In truth, the Wall was more a psychic defense against feelings of inferiority and anger about the poor socioeconomic conditions in the German Democratic Republic than it was a physical defence. What East Germans couldn't see or hear about the West, they couldn't yearn for. Hence, if you went back in time and asked the citizens of the GDR what the Wall was there for, they probably would have told you that it was keeping them safe from unseen threats. That's what their leaders told them and many believed the lie, because it made a lot more sense than the truth.

It's the same relationship that many people have to free market capitalism today. Yes, it's a suicidal system that won't benefit any of us in the long run, but it's so hard to grasp the irrational impulses of the people who run it that many of us simply refuse to believe that's true. The comforting notion that free market capitalism exists for the good of society, and protects us from much worse alternatives - that may be a lie but it sounds rational.
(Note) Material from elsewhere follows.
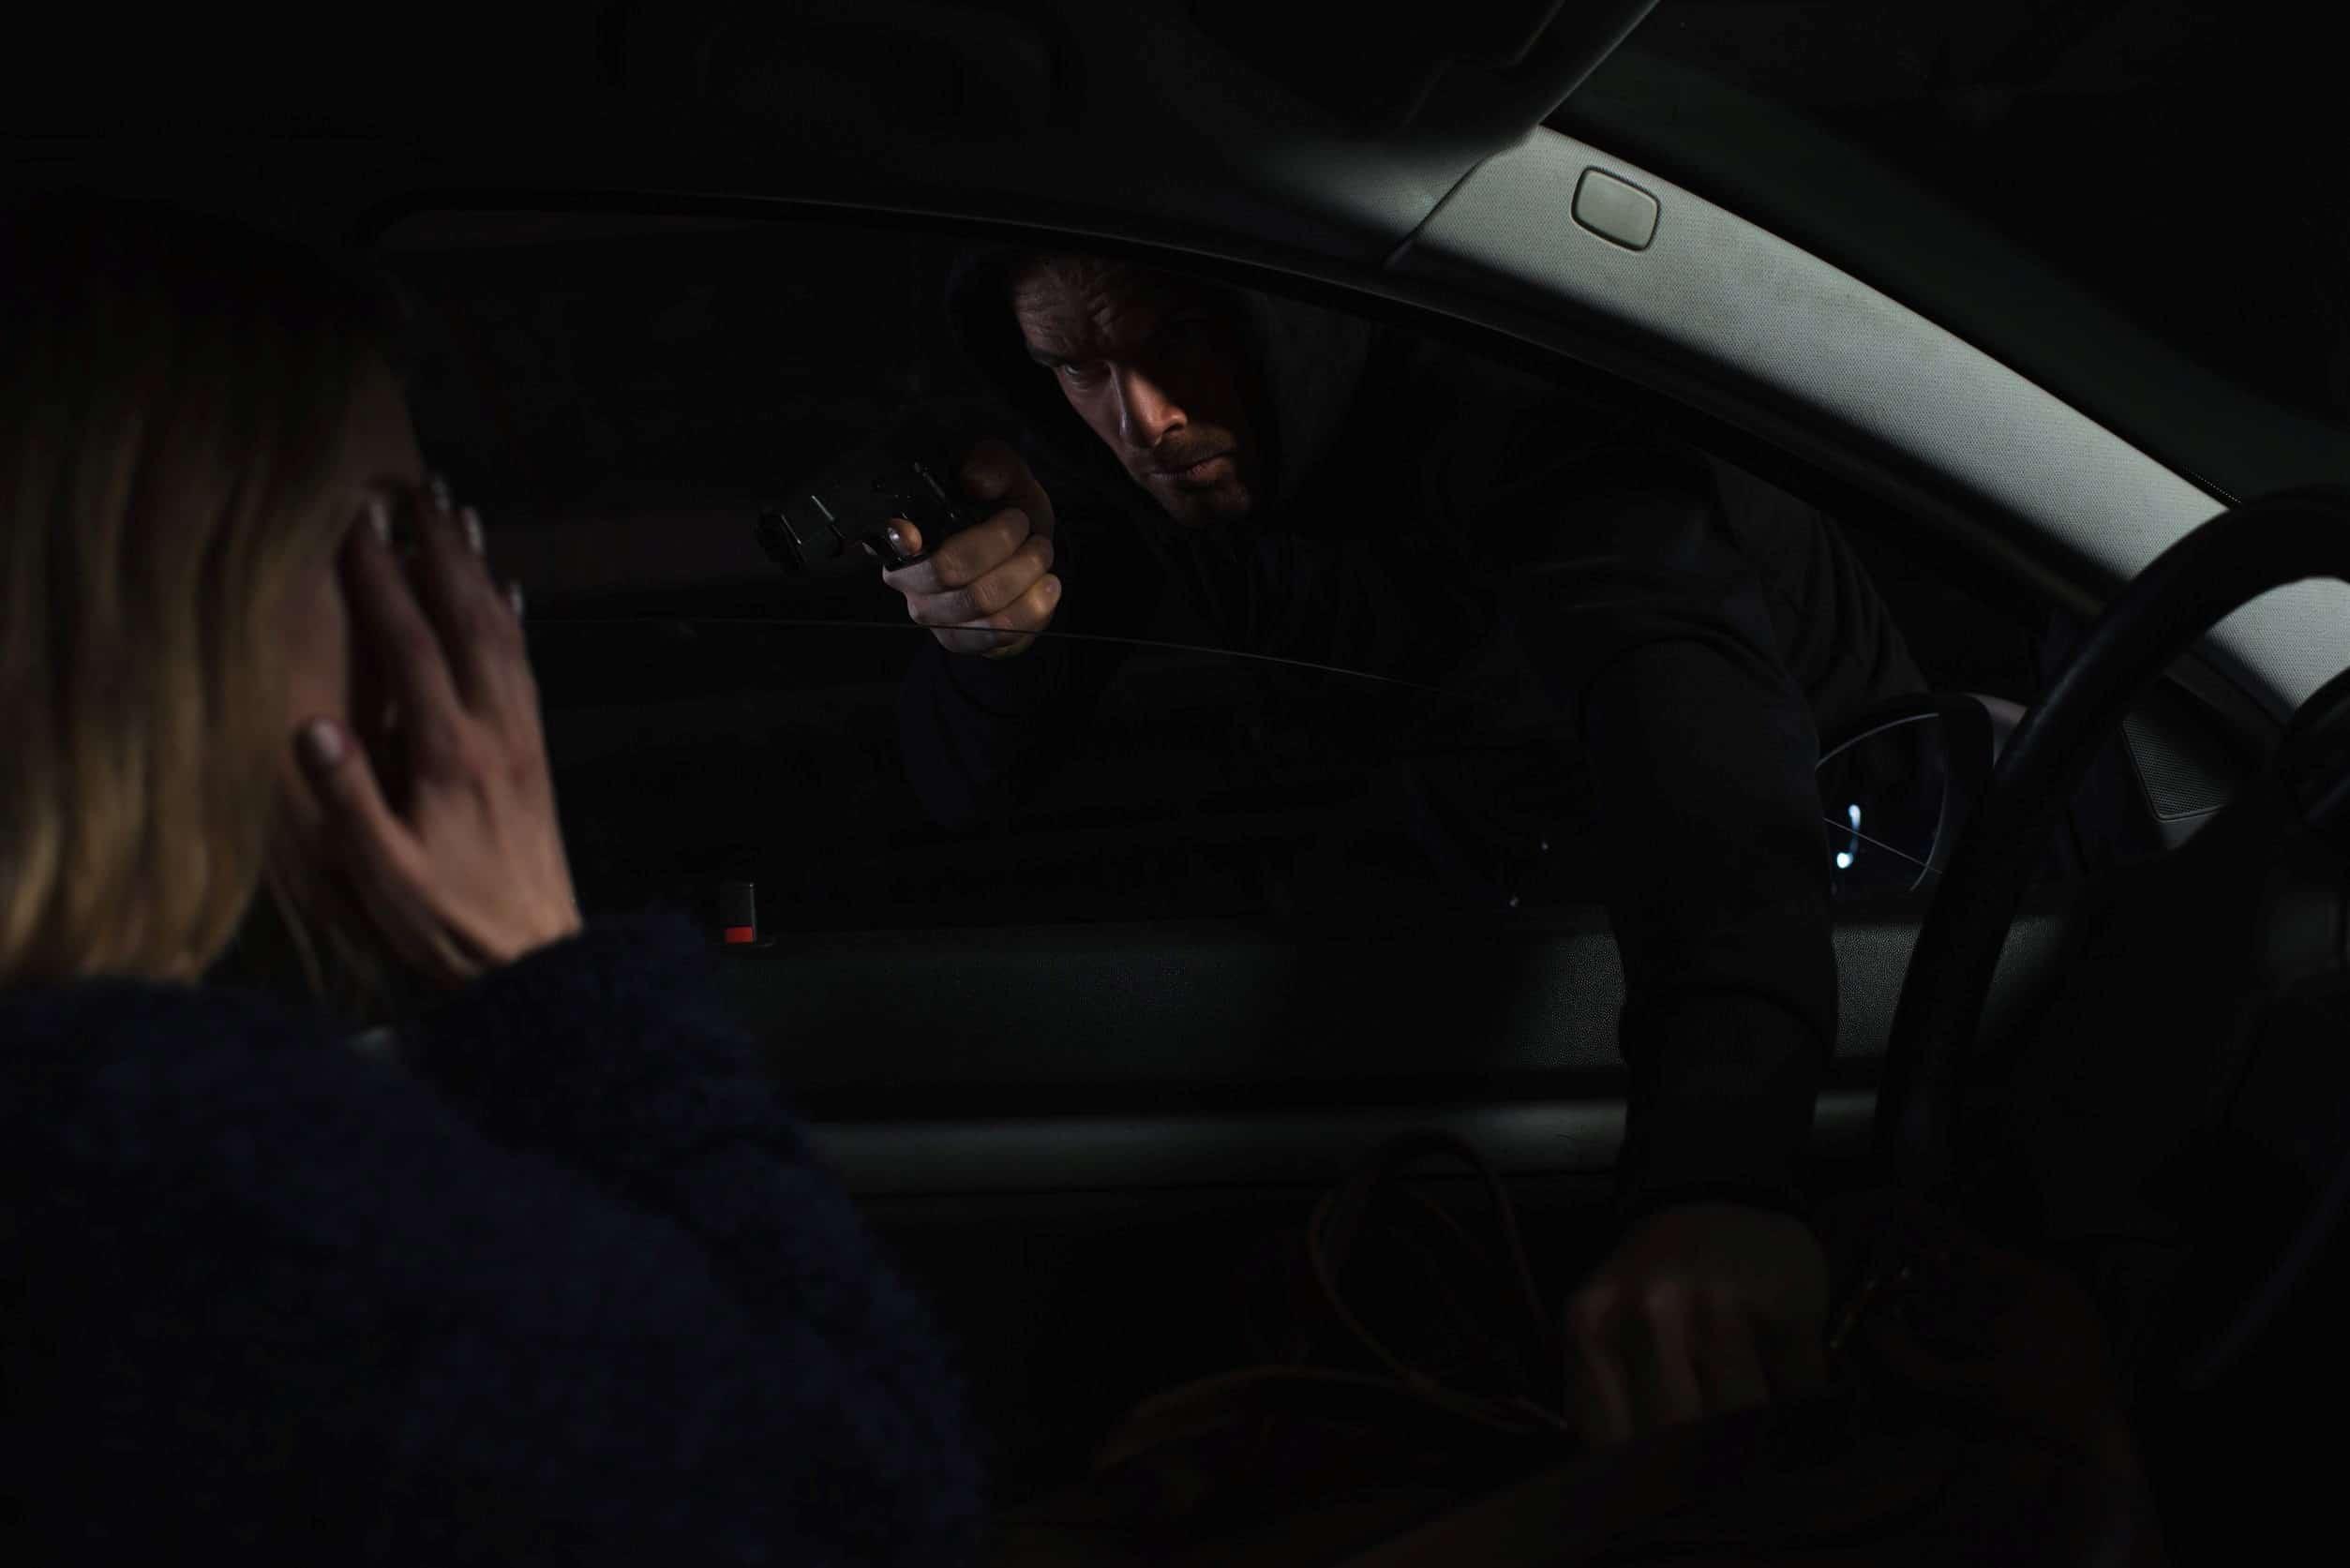 gunpoint robbery

It's not just what people want to hear, it's what they expect to hear after investing their faith in the system for their whole lives.



If you think about it, the guns of an armed minority of guards would never have been able to deter a few million East Germans if they would have all decided to get up and climb over the Wall at the same time.  When they finally did that, the floodgates opened without a shot being fired. The more I read about great revolutions in history, the more I realize how often this has been the case. Whether we are talking about the end of feudalism or the Arab Spring, most of the really bad regimes have only been suspended when vast numbers of people downed tools and forced them to stop. The flip side of this realization is the fact that those regimes only survived for as long as they did because vast numbers of people were willing to play along (however reluctantly).

Free market capitalism is no different. Right now, most people know it's a pretty shitty deal for them. They also know that it could grind to a halt tomorrow if everyone, say, went on a general strike. But most are reluctant to do this because, their whole lives, they've been warned about nonspecific, lethal threats which lurk beyond the privatized, high tech confines of this system. Tribal wars, plagues, famines, fundamentalist regimes are some of the baddies that many people feel certain would pounce on us if this system were to collapse. Or maybe it's just a horror of slow wifi and universal basic income that keeps them inside the armoured embrace... I don't know. To anyone who steps  outside of the status quo, however, this economic system starts to look like a stifling fortress that's held together by fear, suffering and death. Berlin is packed with people who get that, and it's endlessly frustrating when they don't connect for long enough to do something about it.

"Buy less, think more": that's one solution to climate change, but it's easier said than done. 

Free market capitalism is the Eastern Block of modern times, working against the people even as its claiming to work for them. And our blind faith in its claims is the only thing that keeps 'business as usual' running.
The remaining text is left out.